Seit 1823 war der Mietzins in diesen dem Verfall geweihten Häusern sehr niedrig, was Tante Lisbeth bewogen hatte, dort zu mieten, obwohl sie sich beim Anblick des Viertels sofort sagte, daß man hier nach Einbruch der Nacht nicht mehr außer dem Hause weilen dürfe. Diese Notwendigkeit paßte übrigens zu ihrer ländlichen Gewohnheit, der sie treu geblieben war: mit der Sonne aufzustehen und mit den Hühnern schlafen zu gehen; man spart damit beträchtlich an Licht und Heizung. Lisbeth bewohnte also eins jener Häuser, denen die Niederlegung des berühmten Hauses, in dem Cambacérès gewohnt, die freie Aussicht über den Platz verschaffte.
In dem Augenblick, als sich der Baron an der Tür dieses Hauses von Lisbeth mit den Worten verabschiedete: »Auf Wiedersehen, Tante Lisbeth!«, ging eine junge Frau an der Droschke vorbei, um gleichfalls das Haus zu betreten. Sie war klein, schlank, hübsch, sehr elegant gekleidet und duftete nach einem erlesenen Parfüm. Ohne etwas anderes damit zu bezwecken, als sich den Verwandten ihrer Nachbarin anzusehen, wechselte diese Dame einen Blick mit dem Baron; aber den alten Lebemann durchzuckte es dabei lebhaft wie alle Pariser, wenn sie einer jungen Frau begegnen, die, wie der Fachmann sich ausdrückt, ihren Geschmack verkörpert. Ehe er wieder in den Wagen stieg, zog er langsam und bedächtig einen seiner Handschuhe an, um sein Zögern zu begründen und der jungen Frau mit den Blicken folgen zu können. Ihr Kleid verriet gefällige Formen und nicht nur die abscheulichen betrügerischen Krinolinenunterröcke.

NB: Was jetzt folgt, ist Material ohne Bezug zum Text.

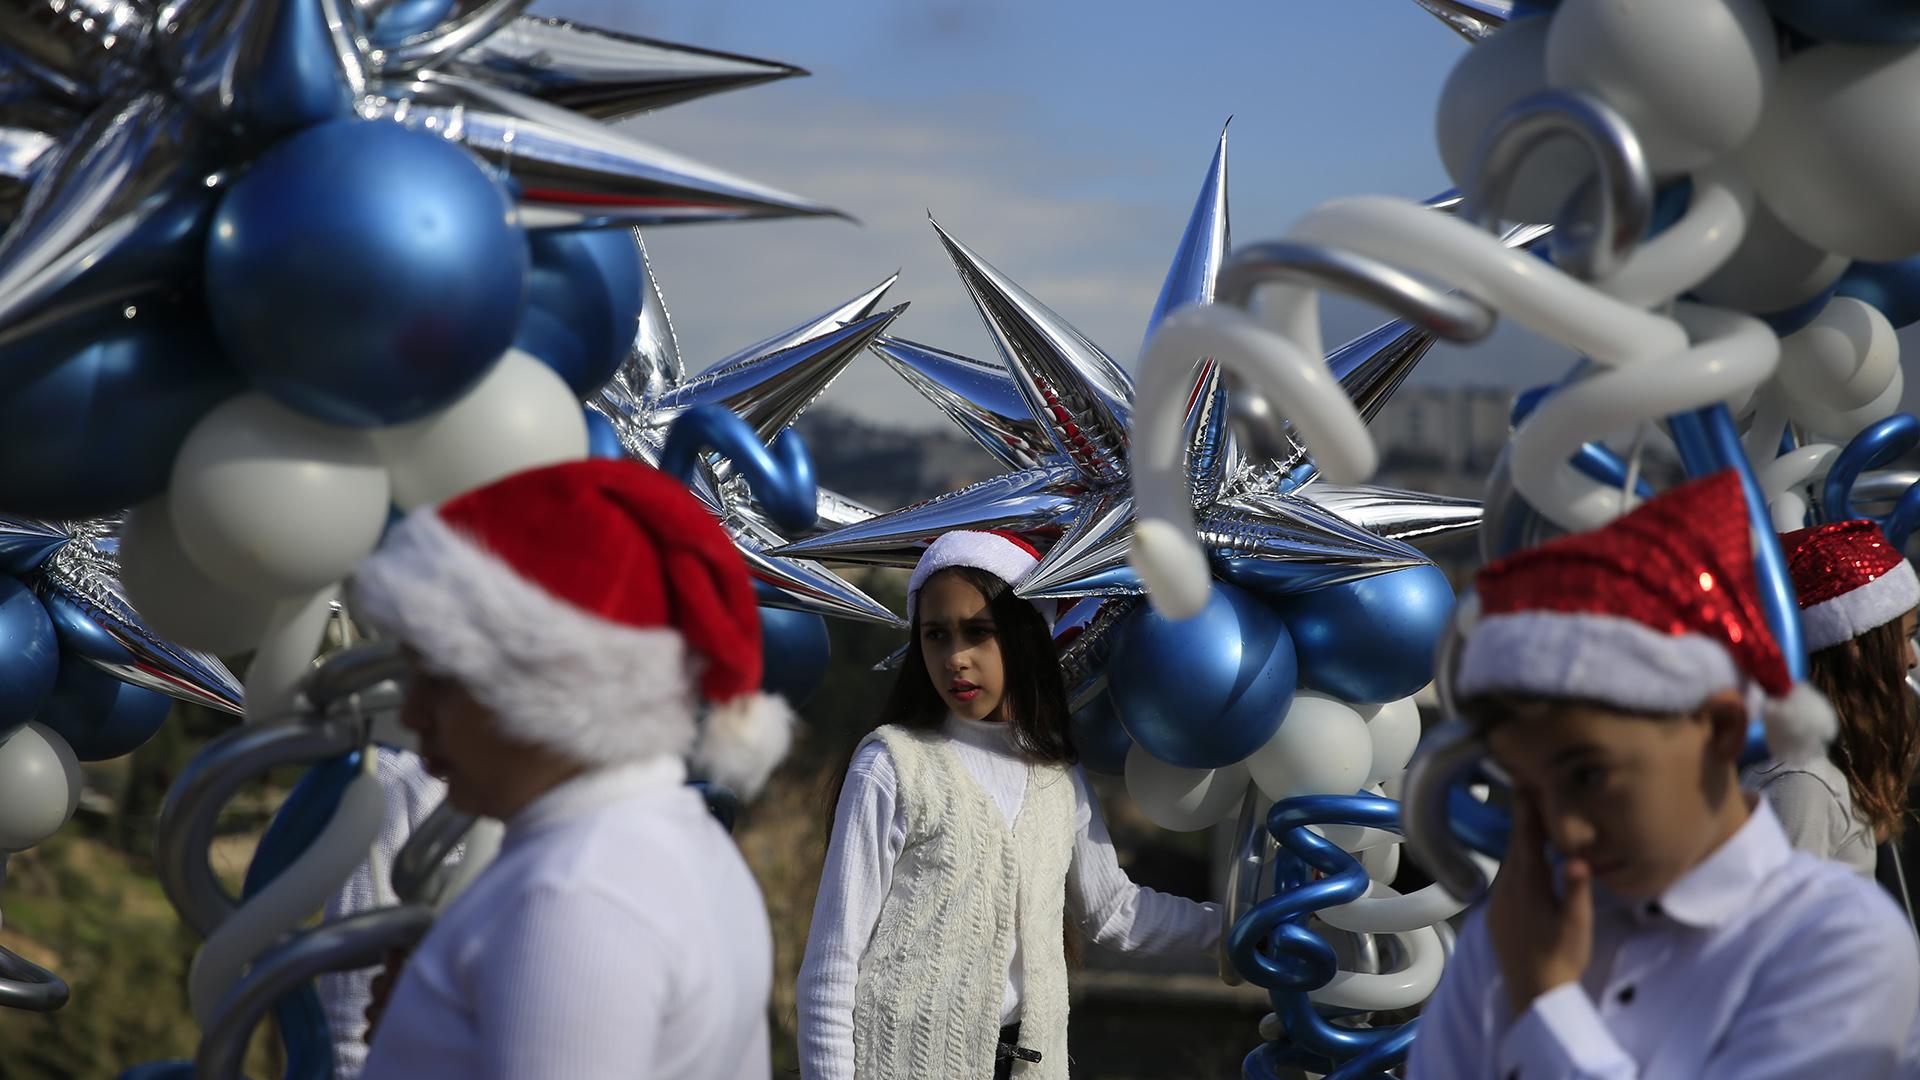 Cristianos árabes israelíes esperan por el inicio del desfile anual de Navidad en Nazareth

Das ist ja eine reizende kleine Frau! sagte er sich. Mit der wäre man glücklich.
Als nun die Unbekannte im Hausflur die Wendung zur Treppe machte, spähte sie nochmals nach dem Baron, wobei sie sich ja nicht umzudrehen brauchte. Da sah sie, daß der Baron, starr vor Bewunderung und von Begehrlichkeit und Neugier gepackt, noch am selben Platze stand. Bewunderung ist eine Blume, deren Duft alle Pariserinnen mit Wonne einatmen, wenn sie sie an ihrem Wege finden. Sogar pflichttreue und tugendsame hübsche Frauen kommen ziemlich verdrießlich heim, wenn sie auf ihrem Spaziergange nicht ihr kleines Sträußchen Bewunderung gepflückt haben.

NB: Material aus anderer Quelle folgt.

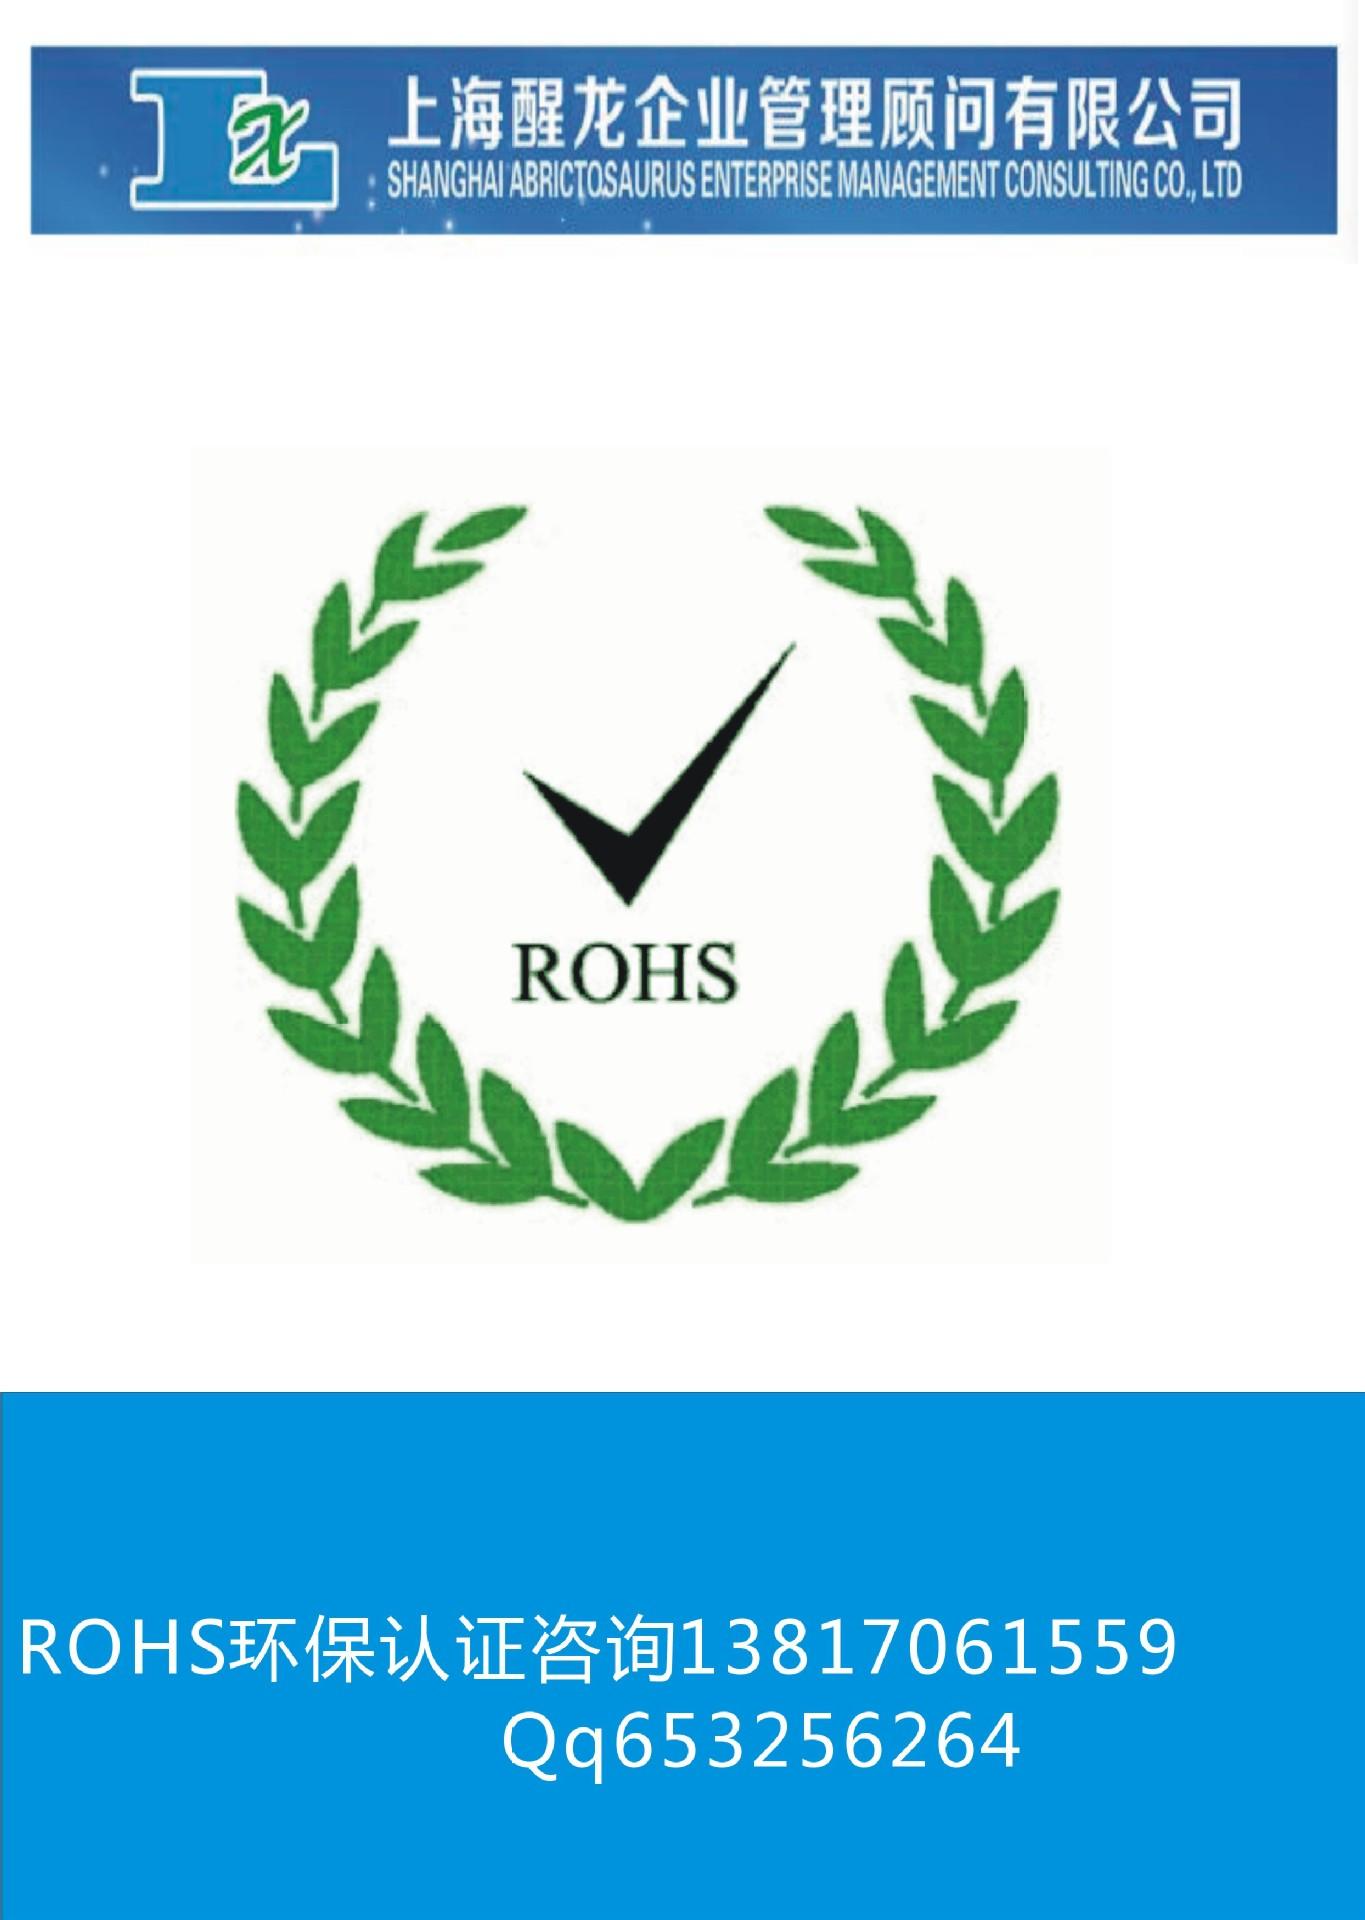 江浙沪RoHS检测认证公司 专业提供RoHS环保检测 RoHS产品认证服务

Schnell stieg die junge Frau die Treppe hinauf. Bald darauf wurde im zweiten Stock ein Fenster geöffnet, an dem sie erschien, aber in Gesellschaft eines Herrn, dessen kahler Schädel und ein klein wenig grimmiger Blick den Ehemann verrieten.
Wie schlau und klug! dachte der Baron. Auf diese Weise zeigt sie mir, wo sie wohnt. Nur ein bißchen zuviel Tempo! Und dann dies Viertel hier! Also Vorsicht!
Der Rat hob den Kopf, als er in die Droschke gestiegen war, und im Nu zogen sich Mann und Frau zurück, als habe das Gesicht des Barons die sagenhafte Wirkung des Medusenhauptes auf sie ausgeübt.
Fast möchte man glauben, sie kennen mich, dachte der Baron. Dann wäre ja alles klar.
Und wirklich, als der Wagen wieder der Rue du Musée zufuhr und Hulot sich noch einmal nach der Unbekannten umwandte, sah er, daß sie wieder am Fenster stand. Sich schämend, dabei ertappt worden zu sein, daß sie ihrem Anbeter nachschaute, fuhr die junge Frau rasch zurück.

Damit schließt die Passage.